After narrowly escaping being avenged by the people she claimed to love the most (her "freaks"), Elsa manages to run away to Hollywood, marry a casting director, and, in a short time, achieve superstardom with her very own network TV show, "The Elsa Mars Hour." But all that glitters isn't gold in Elsa's fairy tale: She's trapped in a loveless, unhappy marriage, forced to perform in a show and for an audience that brings her no satisfaction, and, worst of all, when she's finally reunited with the one man she ever truly loved, she finds out he has terminal cancer and just one month to live. 
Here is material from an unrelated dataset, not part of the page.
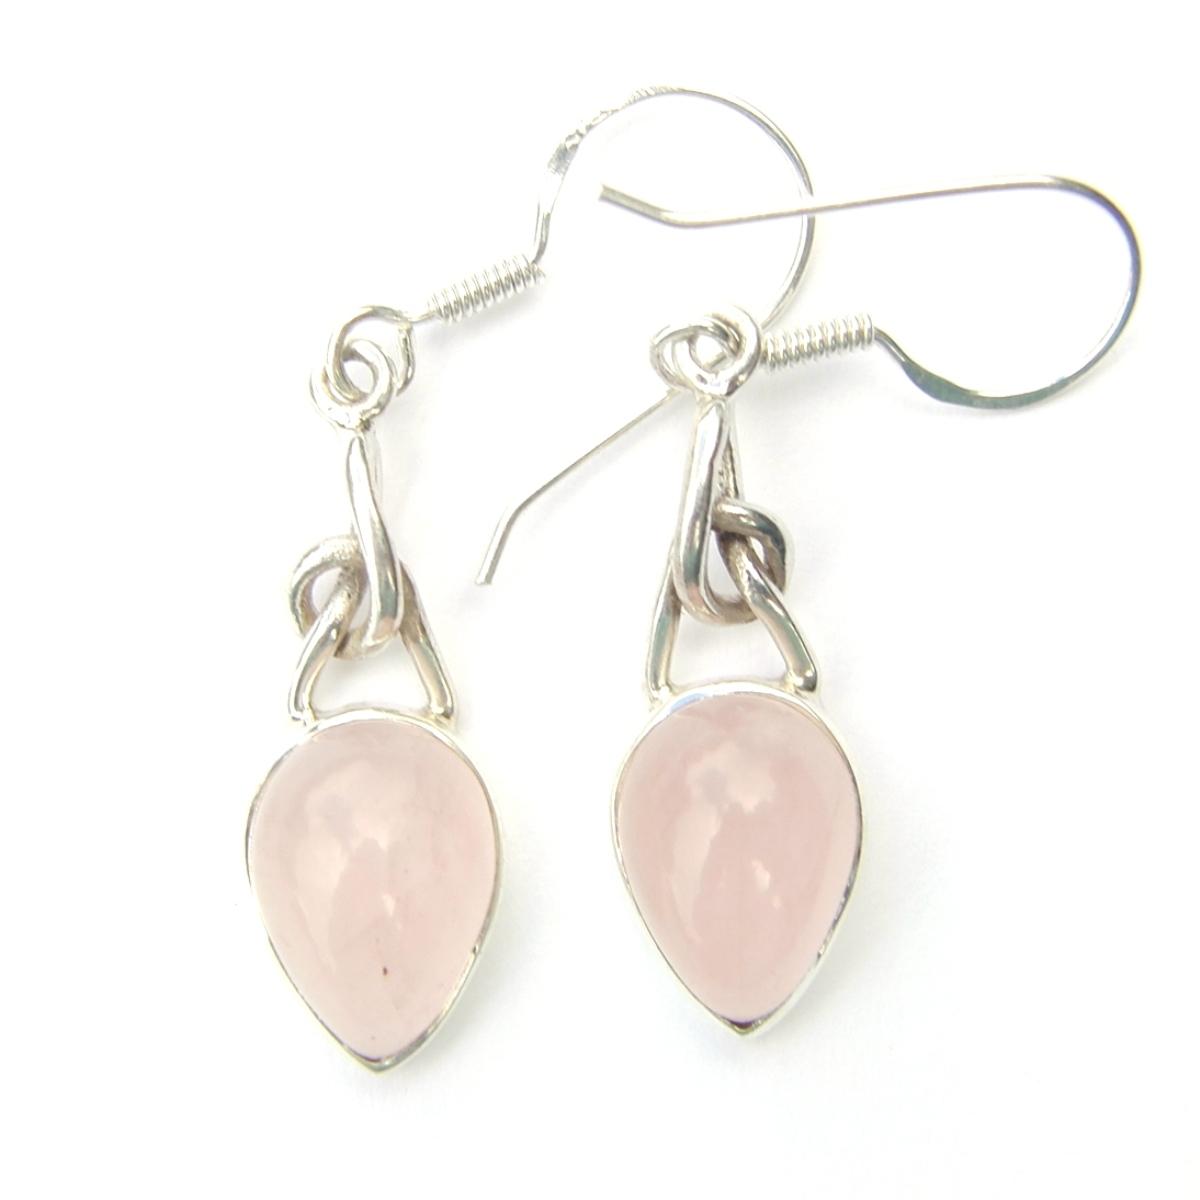 Rose Quartz Knot Earrings

Elsa realizes too late that what she thought she wanted wasn't what she wanted at all. As she laments to her dying lover that she feels "cursed" by having all her dreams come true, Elsa shares a birthday wish she made eight years prior, over a cake made by Ethel Darling (Kathy Bates), the "best friend" she ultimately murdered. 

"My wish was plain and simple," she says: "I just wanted to be loved." It's an emotionally gutting realization for the chanteuse and no less gutting for the viewer, who understands now that Elsa's wish — and the finale's ultimate statement — are one and the same, and surprisingly simple. Elsa was lucky enough to find both love and acceptance but was too blinded by the undeniable human impulse for bigger, flashier, and more apparent forms of it to appreciate what she had. 

Thus, after being reminded of our own imminent mortality, base consumerism, and toxic ignorance and biases, we're treated to the truly horrifying realization that, as a species, we're just not very good at seeking out, appreciating, and holding on to the things that actually give life meaning. Still, there's a flicker of Bette Tattler-esque hope in "AHS" Season 4's finale.